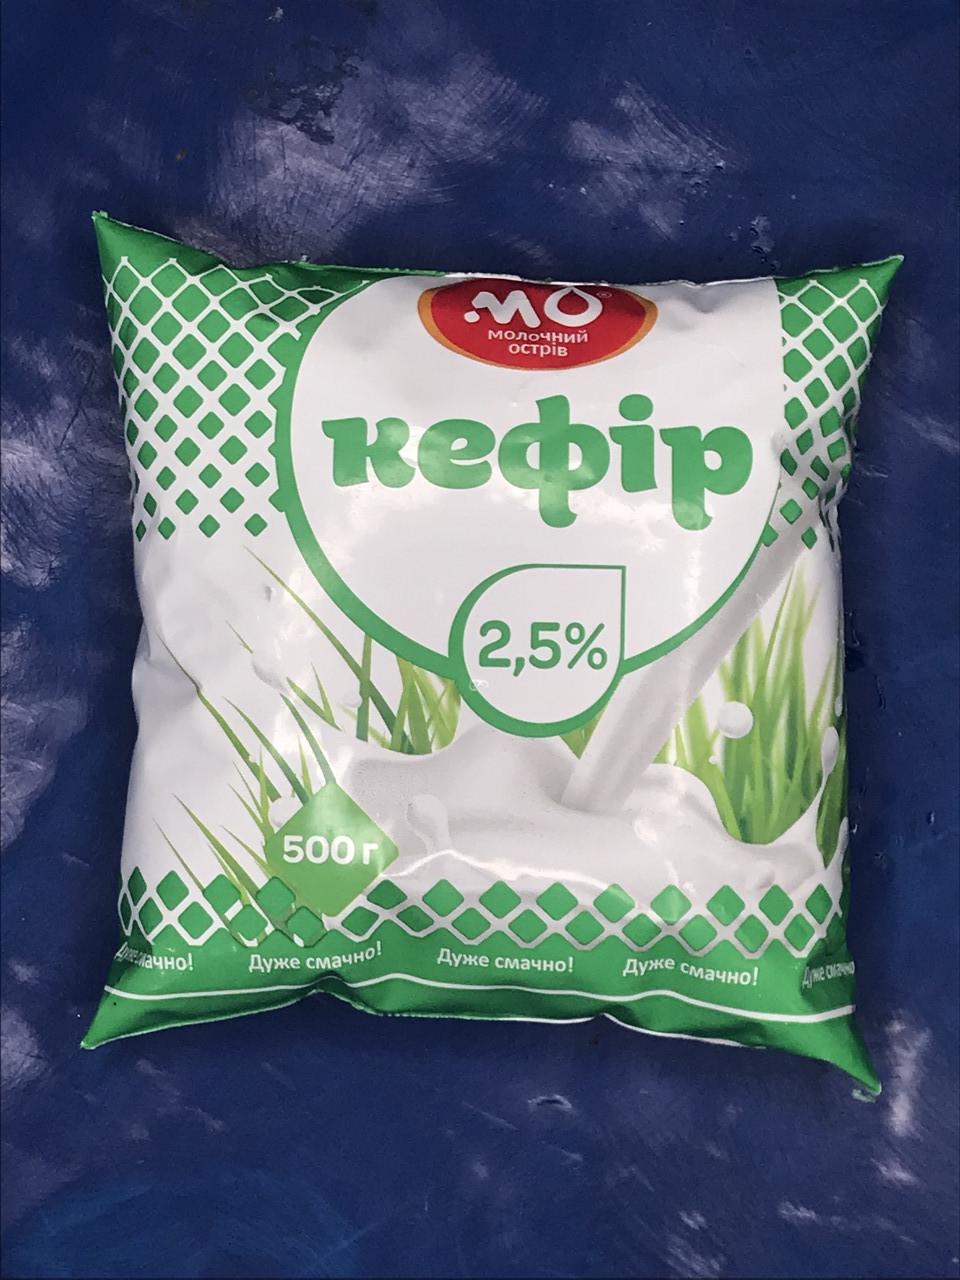 Кефир 2,5% от Малороганский молочный завод
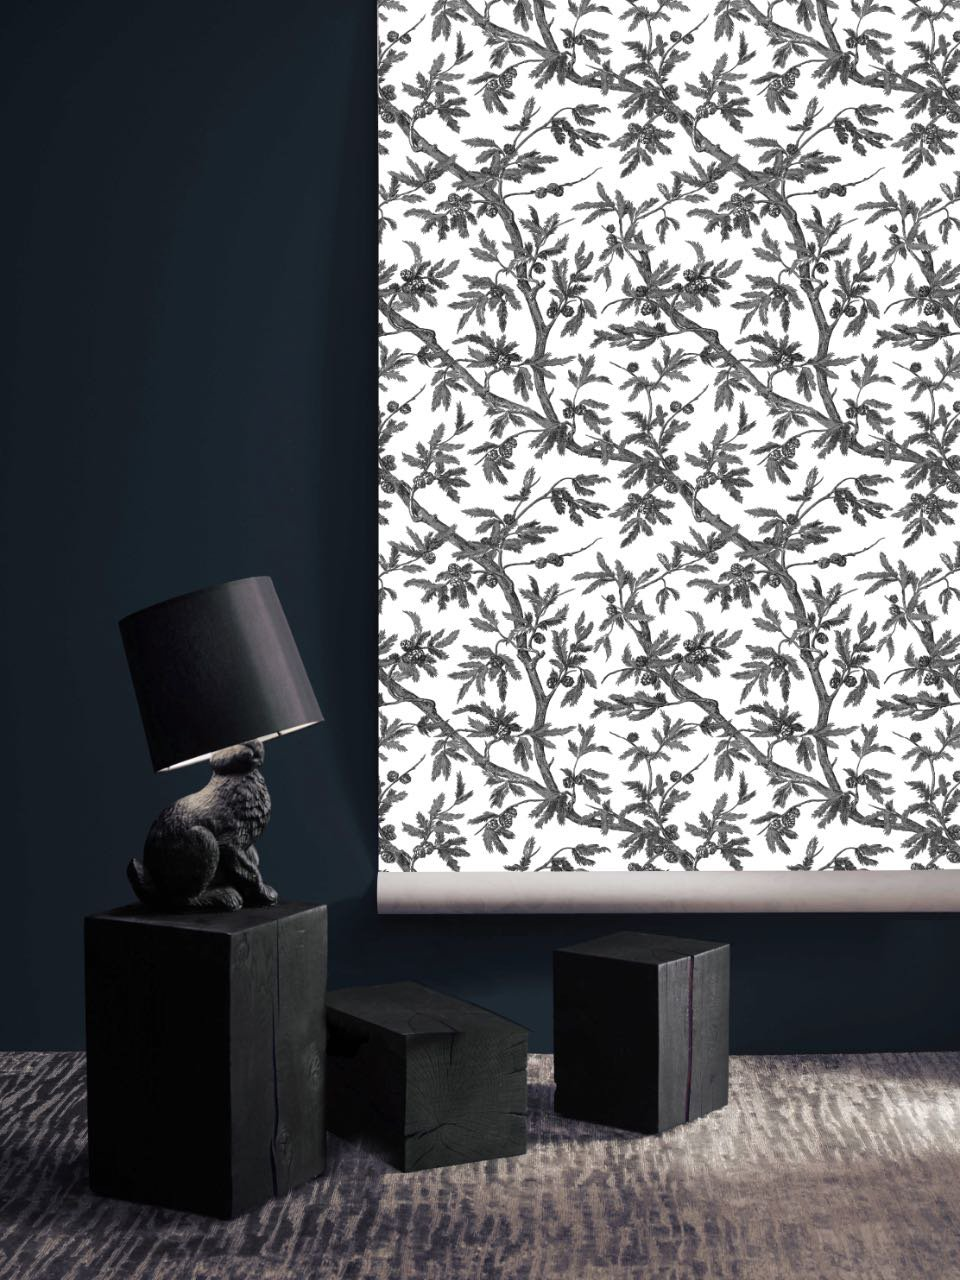 フランス壁紙 フリース(不織布) - 防炎加工 マドレーヌ・カスタン デザイン 《ブランシュー》 ブラック
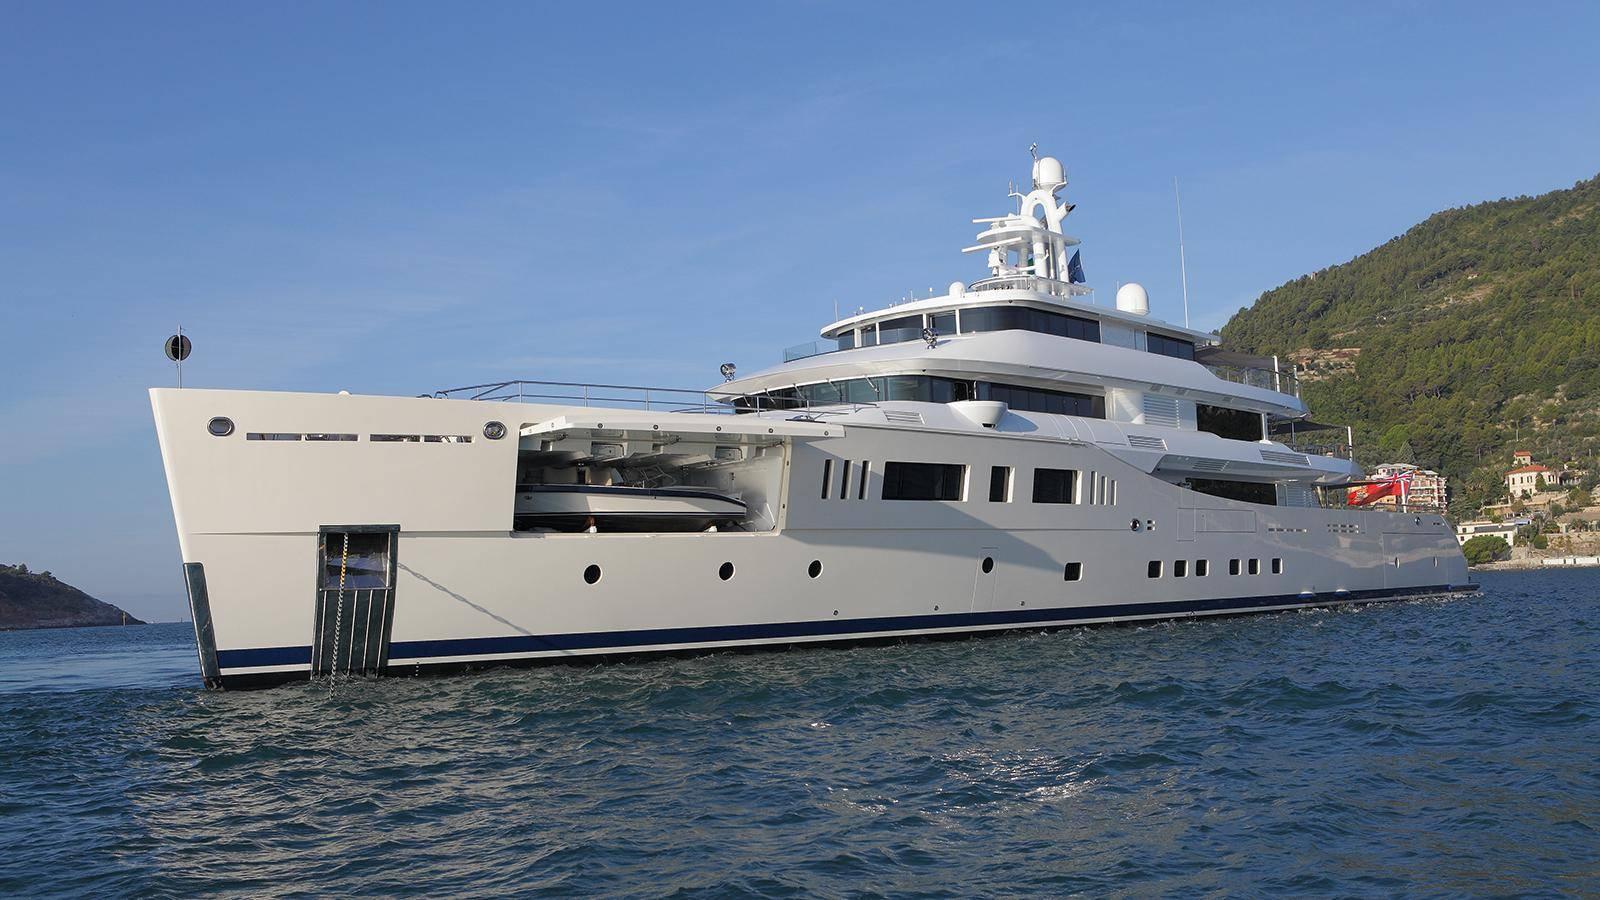 aiWcYrW1TCdYtVNuEUOL_grace-e-yacht-1600x900
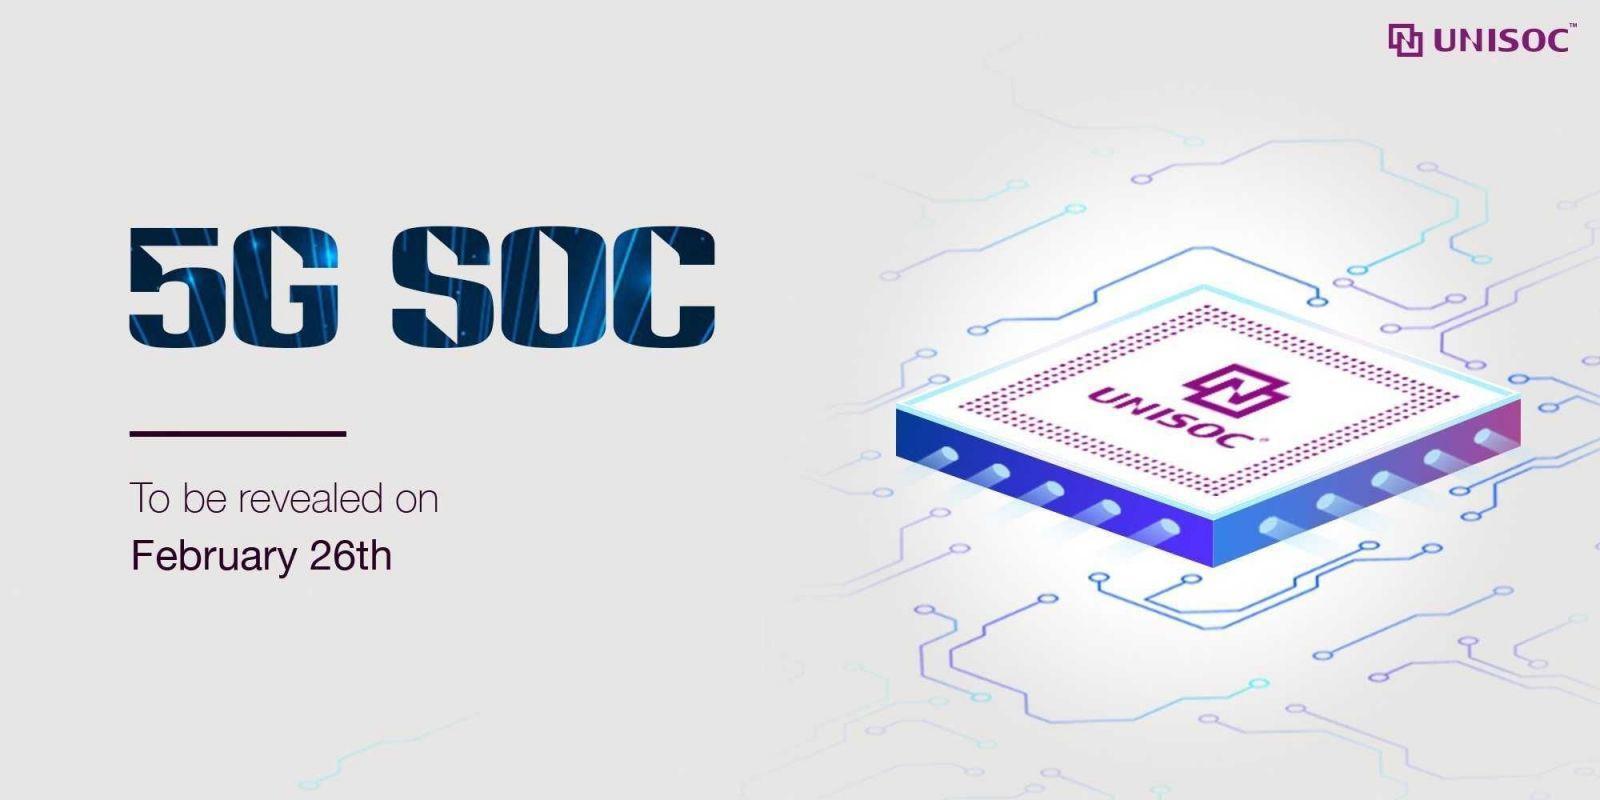 unisoc-5g-soc-launch Бренд UNISOC представит сегодня   свой первый 5G SoC

• _EXERCISE DETAILS_: Quote exactly the lines from the line that contains "フランス壁紙 フリース(不織布) - 防炎加工" through the last line of the listing, please, leaving out all pictures.

• _WRITTEN ANSWER_:
 フランス壁紙 フリース(不織布) - 防炎加工 マドレーヌ・カスタン デザイン 《ブランシュー》 ブラック
 aiWcYrW1TCdYtVNuEUOL_grace-e-yacht-1600x900
 unisoc-5g-soc-launch Бренд UNISOC представит сегодня   свой первый 5G SoC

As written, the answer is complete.